Figure 1.
Computation Simulation of Oncometabolic Nuclear Reprogramming Phenomena
(A–C) A stochastic model of oncometabolic nuclear reprogramming. (A) Top: Schematic representation of the minimal gene regulatory network considered in our stochastic model, consisting of a coupled pluripotency module (self-activation of Oct4 and Sox2) and a differentiation module (mutual antagonism between LSGs). Arrows denote activation and blunt-ended lines denote inhibitory interactions. Bottom: Schematic representation of the competitive binding model for activation/repression in the minimal gene regulatory network. (B) A realization path in which our stochastic model was run under baseline conditions (baseline HDM activity and lack of induction of stemness-related transcription factors, i.e., hi-values as per values given in Table S7 [Supplemental Appendix E] and ρ1 = ρ2 = 0). Since the system is symmetric with respect to LSG1 and LSG2, a state where O = 0, S = 0, and L2 = 0, whereas L1 > 0, is also an absorbing state. (C) A realization path in which our stochastic model was run under induction of stemness-related transcription factors (parameter values ρ1 = ρ2 = 1.85 × 107). At the onset of stemness factor induction, i.e., we let ρ1 > 0 and ρ2 > 0, the absorbing states observed in the simulations shown in (B) are not absorbing any longer and, therefore, there is a positive probability for the system to go from the differentiated cell state to the stem cell state. Left: Normal-like metabolism, baseline HDM activity; right: 2HG-induced reduction of HDM activity by 5% with respect to the baseline scenario.
(D–F) Epigenetic landscapes and reprogramming performance in response to 2HG. (D) 2HG-induced inhibition of HDM activity affects the depth of the stem cell attractors by lowering the barriers of the epigenetic landscape. Figures show the joint probability of the random variables O + S (stemness factors) and L1 + L2 (LSGs) for different values of the relative oncometabolic-induced reduction of HDM activity with respect to the baseline scenario. To obtain the epigenetic landscapes for different degrees of 2HG-induced reduction of HDM activity in shorter computational time, we considered the following parameter values: ρ1 = ρ2 = 5.55 × 10−7 and ϑo = ϑs = 0.2. We have also considered that the expression of the LSGs is induced at certain rates given by the following parameter values ρL1 = ρL2 = 2.78 × 10−7. The landscapes with 4%, 5%, and 6% reduced HDM activity correspond to h2 = 0.96, h2 = 0.95, and h2 = 0.94, respectively.
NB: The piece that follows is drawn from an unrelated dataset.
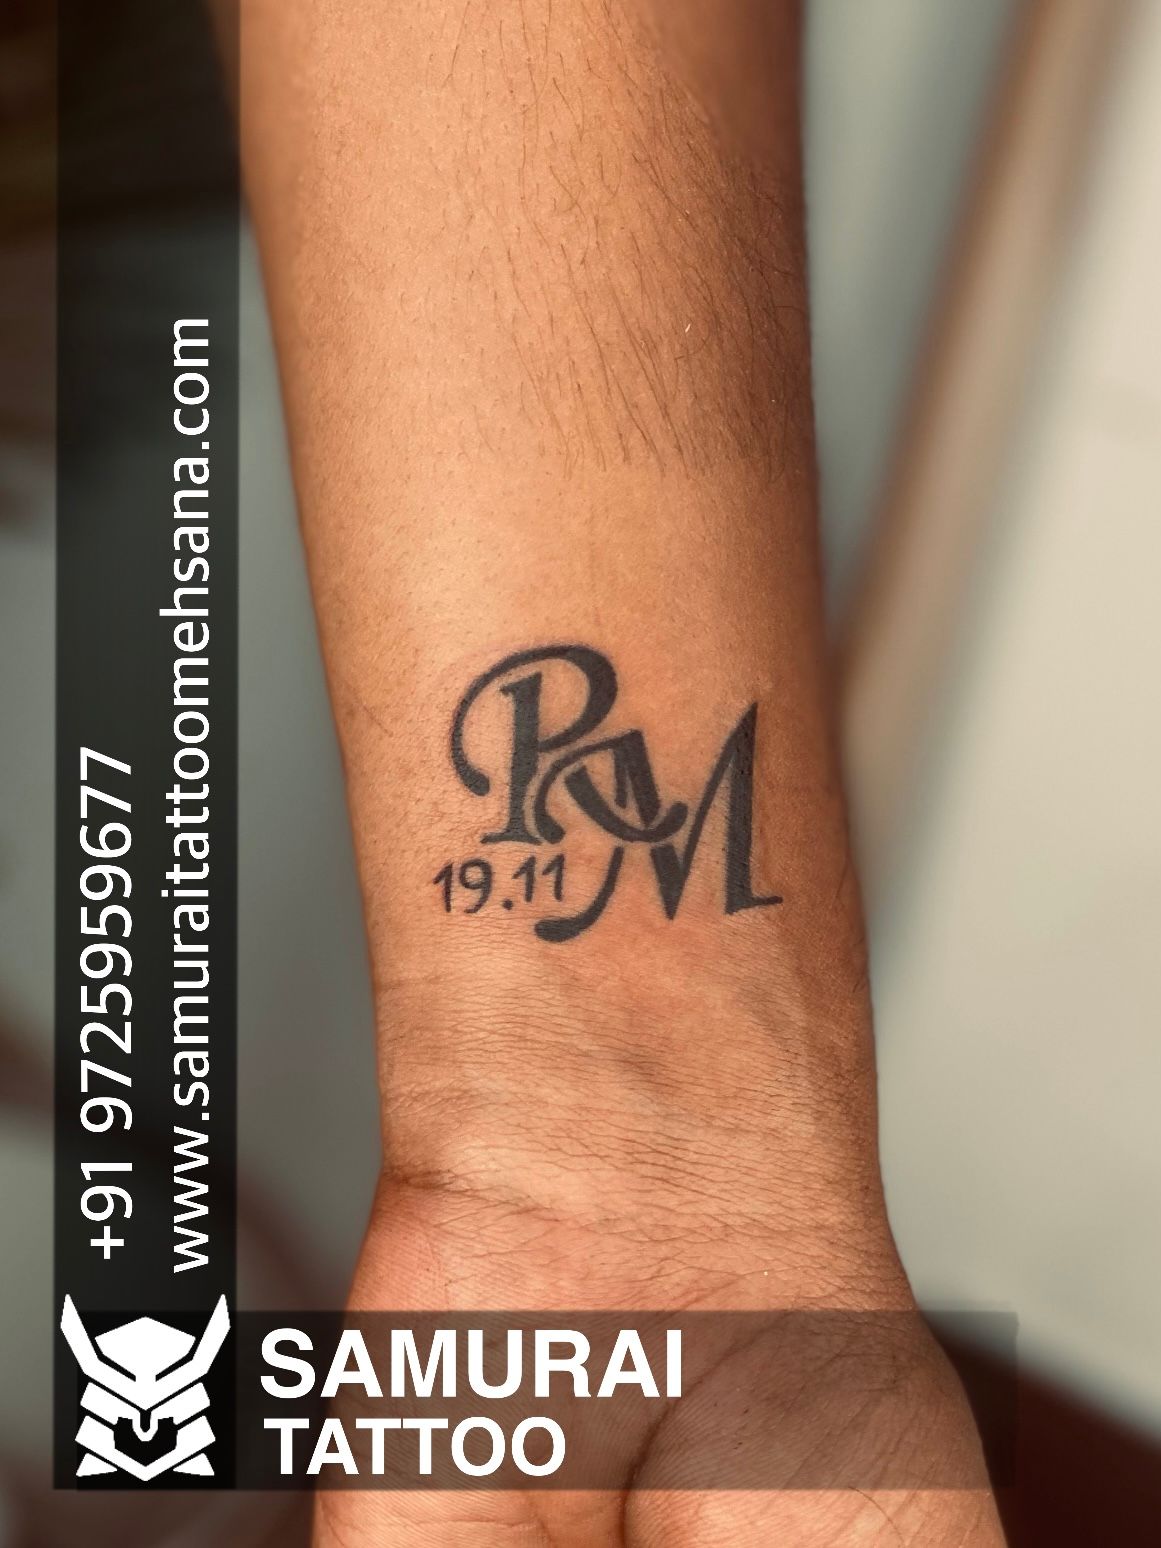 Share 63 rm tattoo designs latest  incdgdbentre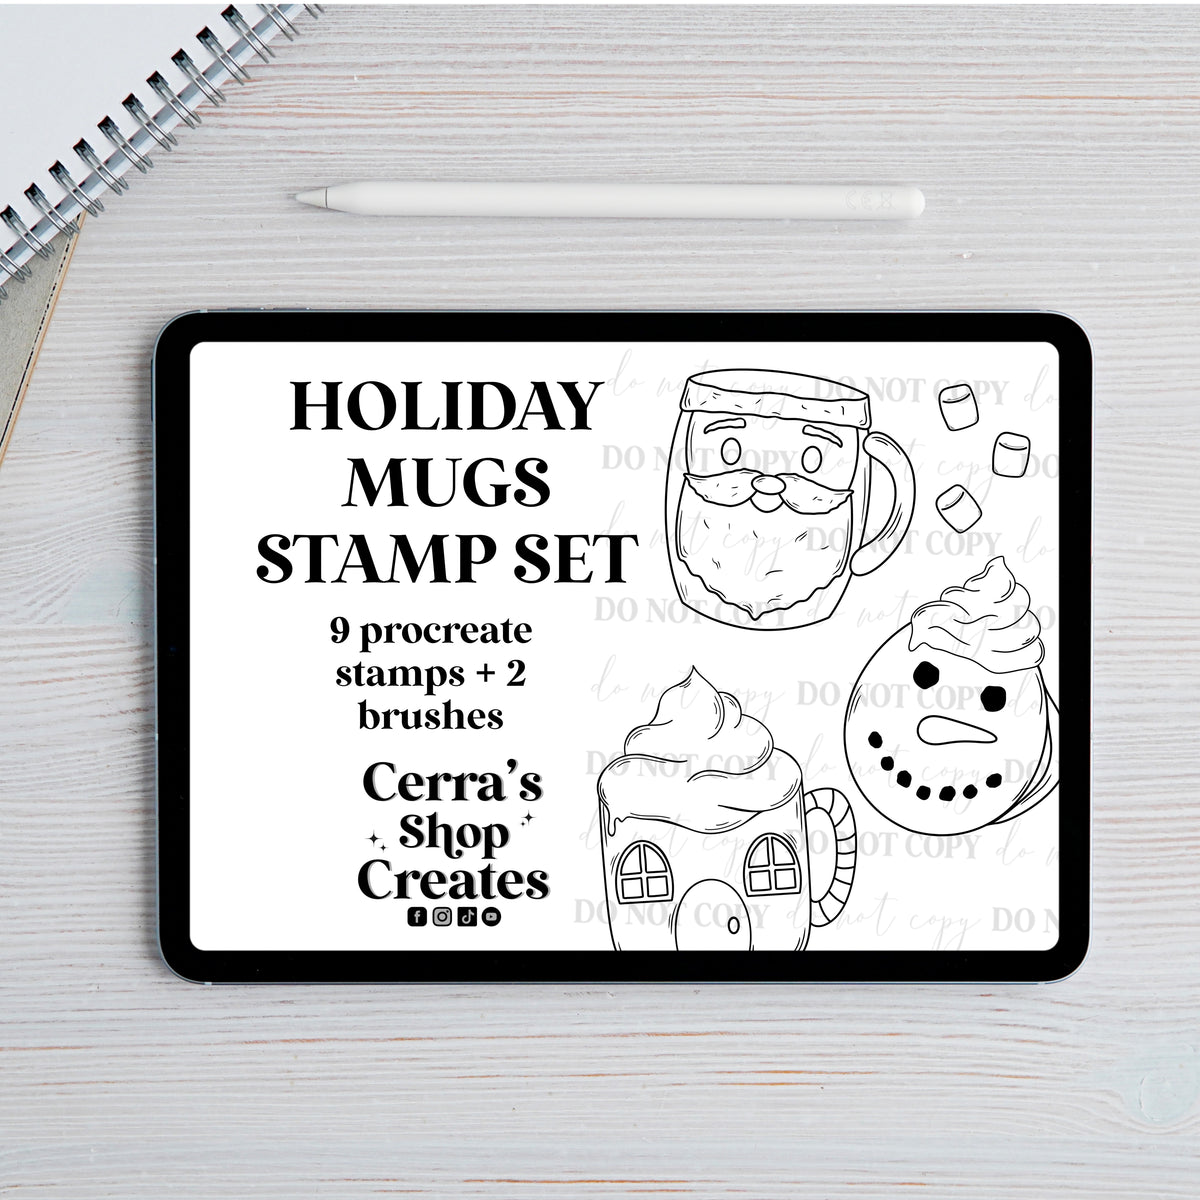 Holiday mugs Procreate Stamp Set

The remaining parameter values are given in Table S7 (Supplemental Appendix E). (E) 2HG-induced inhibition of HDM activity affects the kinetic efficiency of the reprogramming process. The panel shows statistics of the average reprogramming time, TE, as well as its probability density, P(TE), as a function of the 2HG-induced reduction of HDM activity. The top panels illustrate that the predicted probability distribution of TE, P(TE) is approximately exponential. The lower panel shows the average and SD (error bars) of the predicted reprogramming time, illustrating that the reprogramming rate increases exponentially with the 2HG-induced reduction of HDM activity. HDM activity reductions of 0%, 2.5%, 5%, and 7.5% correspond to h2 = 1.00, h2 = 0.975, h2 = 0.95, and h2 = 0.925, respectively. (F) 2HG-induced inhibition of HDM activity affects the size of the basin of attraction of the induced stem cell state. The graphic shows a solution of the semiclassical QSSA approximation (see Equations 29–32 and 40–44 in Supplemental Information) for the baseline scenario with no HDM inhibition (h2 = 1.00, red line), and for the case with a 2HG-induced 5% reduction in HDM activity (h2 = 0.95, blue line). The uninhibited scenario converges to the differentiated cell state (red line), whereas the inhibited scenario converges to the stem cell state (blue line). Parameter values ρ1 = ρ2 = 1.85 × 107, cE1 = cE2 = 2, Co = CS = C1 = C2 = 1, and ϑo = ϑs = 0.2. The remaining parameter values are given in Table S7 (Supplemental Appendix E).